Yeah I don’t have to look. I know exactly where my divorce decree is. Yes, of course I have a stamped copy. I did 100 percent of the paperwork, paid 100 percent of the court costs and made 100 percent of the court appearances myself

Let me look – Translates directly to I need to process this request of yours.

And I’m kind of irritated that I bit back on the Catholic thing… But I get so tired of him trying to rewrite history to suit himself…

So I thought about it…

And I said no. Actually I lied and told him I couldn’t find my paperwork. And then I gave him the contact information for the court.

I was feeling a little guilty about this… And I was driving to work thinking about it… And then something hit me.

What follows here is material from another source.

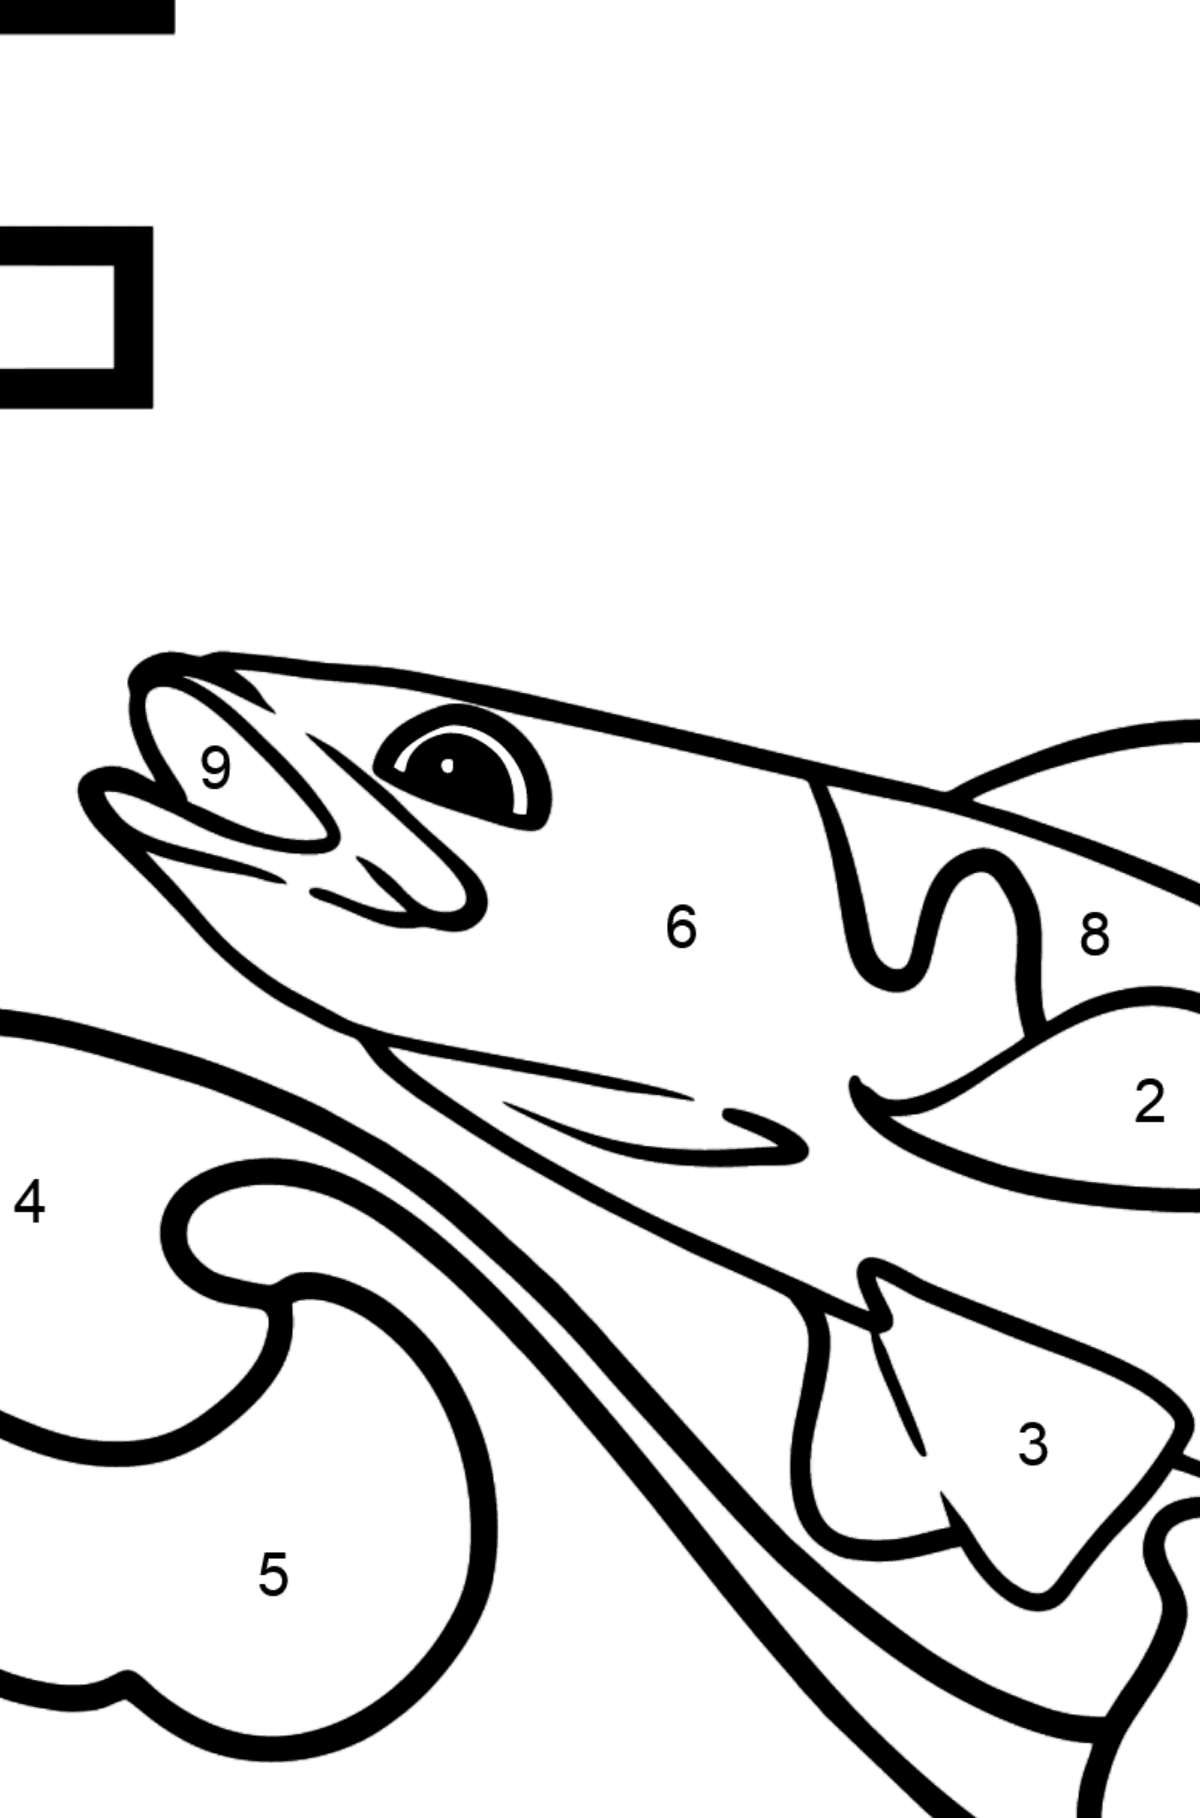 Dibujo de Letra F inglesa para colorear - FISH - Colorear por Números para Niños

I didn’t want to send him the paperwork, because I don’t want him to fuck up another woman’s life the way he did mine.

The fact that this woman wants him to go through her church and do things the right way… And then to see and feel his complete disrespect for her and that process…

I see him clearly now. He hasn’t changed. I’m not sure he’s capable of it…

And when I was quiet I heard the answer. I did my job.

He can now do the work… Or not.

But for us it’s the end of the line.

Something tells me I won’t be hearing from him again ( until his parents pass. )

I’m good with that. Feels like the movie credits are rolling …

For the sequel, I send every good wish to the female lead.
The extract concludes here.